Perplex City
You'll never set foot in Perplex City—not in person, and not even in a video game. You've been tasked with solving the mystery of a valuable cube that was stolen and secreted on Earth, but you can't visit the City to look for clues: All of your intel comes from studying blogs and websites, sending e-mail to fictional characters, and most of all, solving the puzzle cards that you buy on your way to beating more than 33,000 other players who are also on the hunt—and who all want the (real) $200,000 prize money.
The puzzle cards provide the meat of the game. Each carefully designed card tests your knowledge of statistics, cryptography, rock bands, Texas Hold 'Em, and English cookies. The easy ones take a few minutes or a Google search to solve, while the toughest stick you with a pair of GPS coordinates and some cryptic photos, and make you figure out what to do with them. Perplex City, which launched in the UK in 2004 but only recently came to the States, would make a fun trading-card game. But the cards are meant to pull you into the deeper story, where an alien city, a cast of characters, and a series of murders become more and more real the longer you obsess over them.
Beyond the game: You can also score points at live events, where hundreds of players have searched for clues on ferris wheels or in gigantic conga lines. The first American event takes place this August 12, in San Francisco.

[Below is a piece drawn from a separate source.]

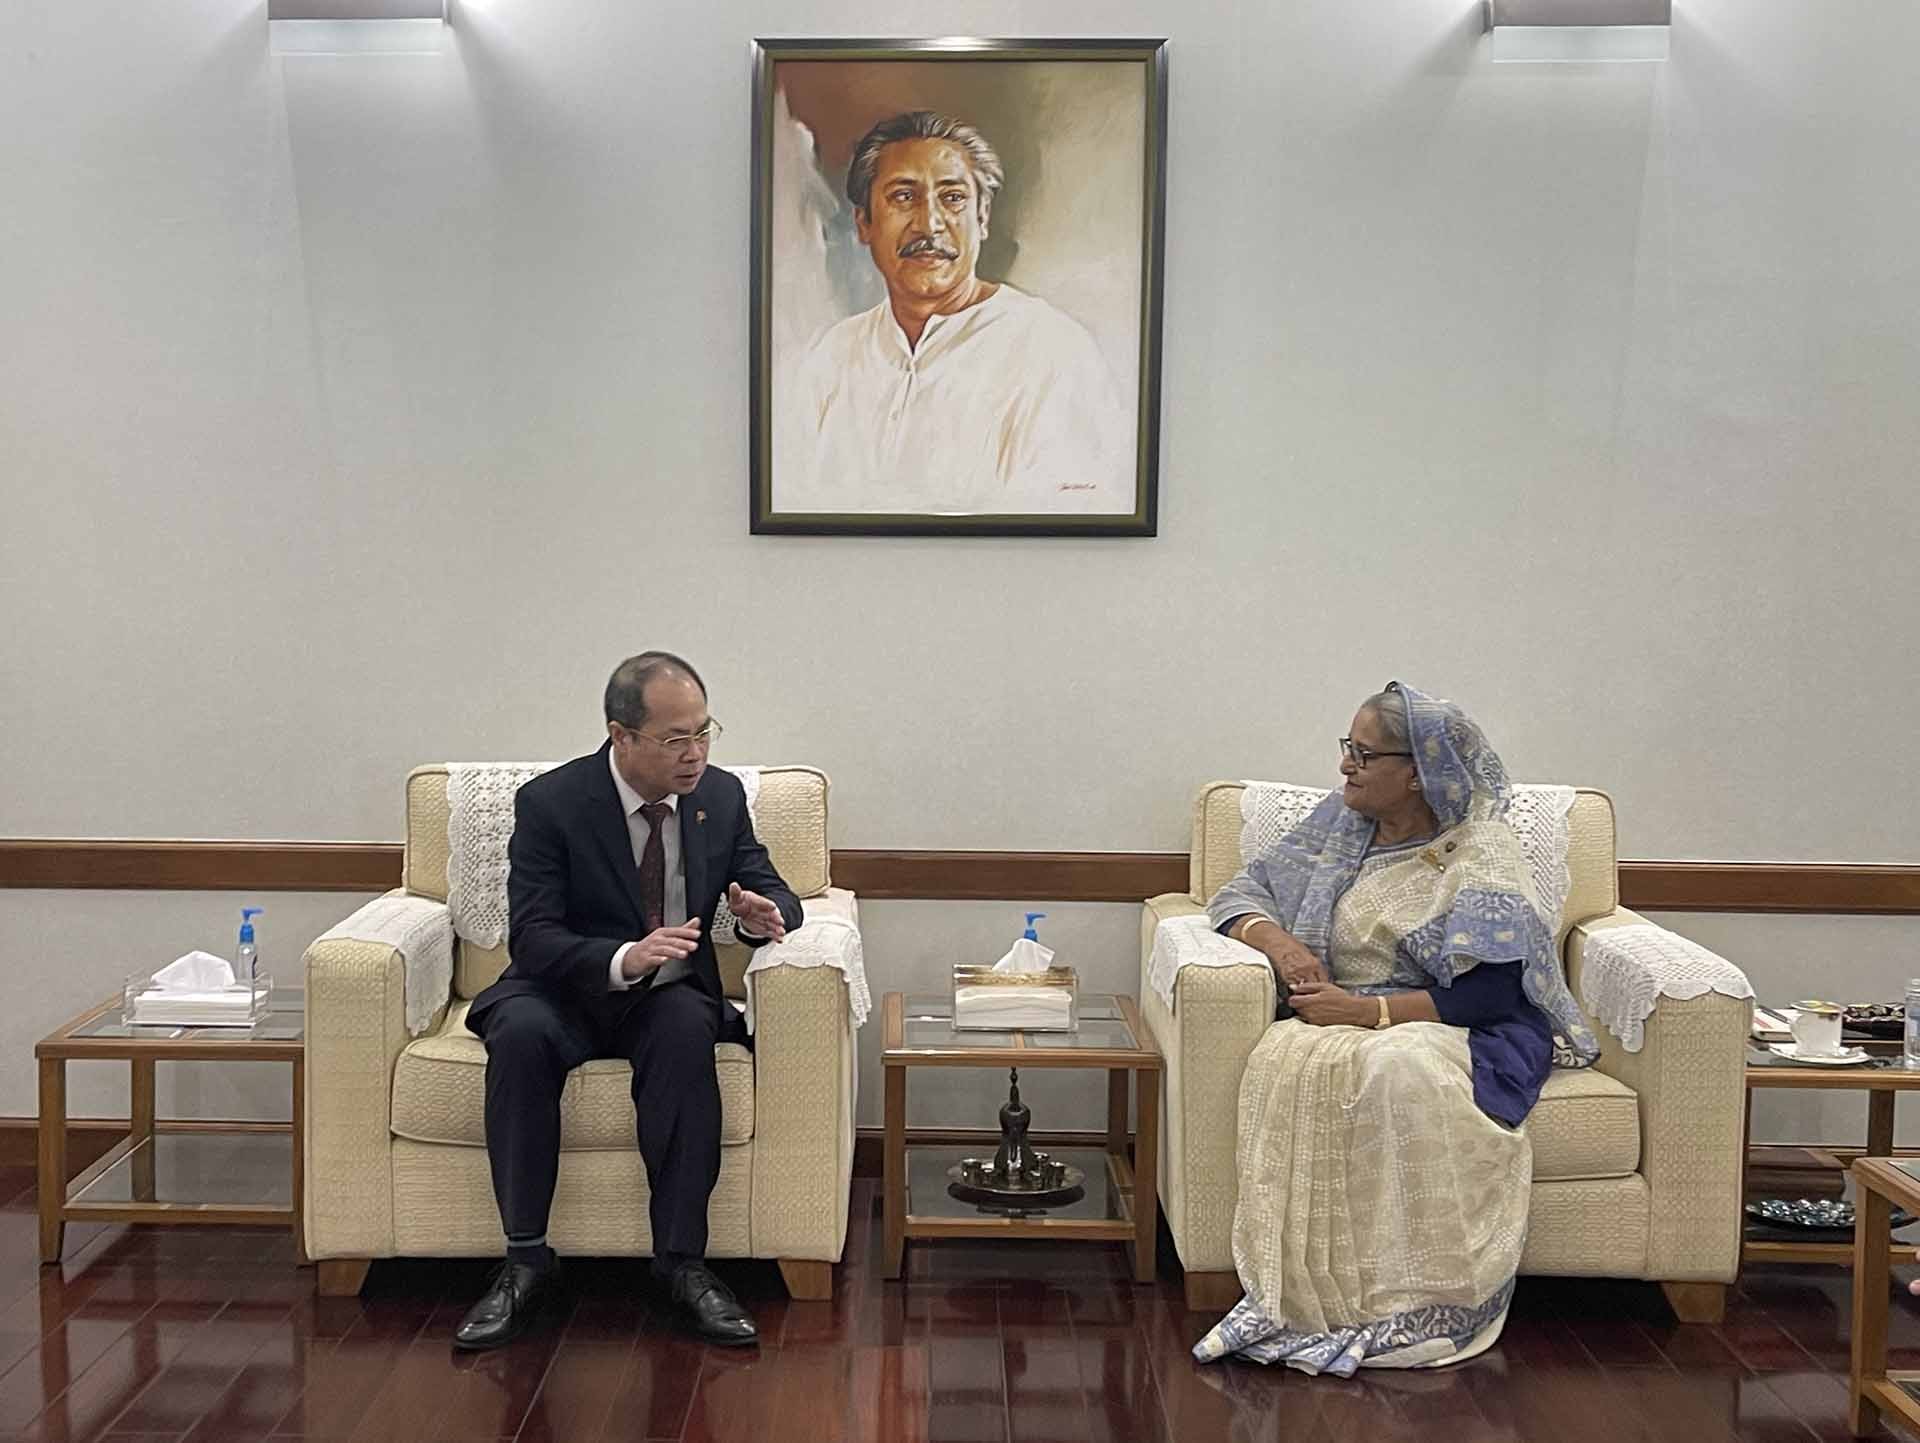 Đại sứ Nguyễn Mạnh Cường tin tưởng rằng, dưới sự lãnh đạo của Thủ tướng Sheikh Hasina, Chính phủ Bangladesh sẽ tiếp tục đạt được nhiều thành tựu to lớn

Worth playing for: After you solve a card, you collect your points on the official website and claw your way up the leaderboards, where you're competing against—or collaborating with—a worldwide community of players. (At press time, the fourth-ranked player hails from Antarctica.)
Frustration sets in when: With 256 cards that sell in packs of six, plus duplicates, you'll spend plenty of cash keeping up.
Final judgment: This alternate-reality game presents an intriguing spin on life on the web: As we spend more of our lives online, it's as easy to immerse yourself in a make-believe world as a real one.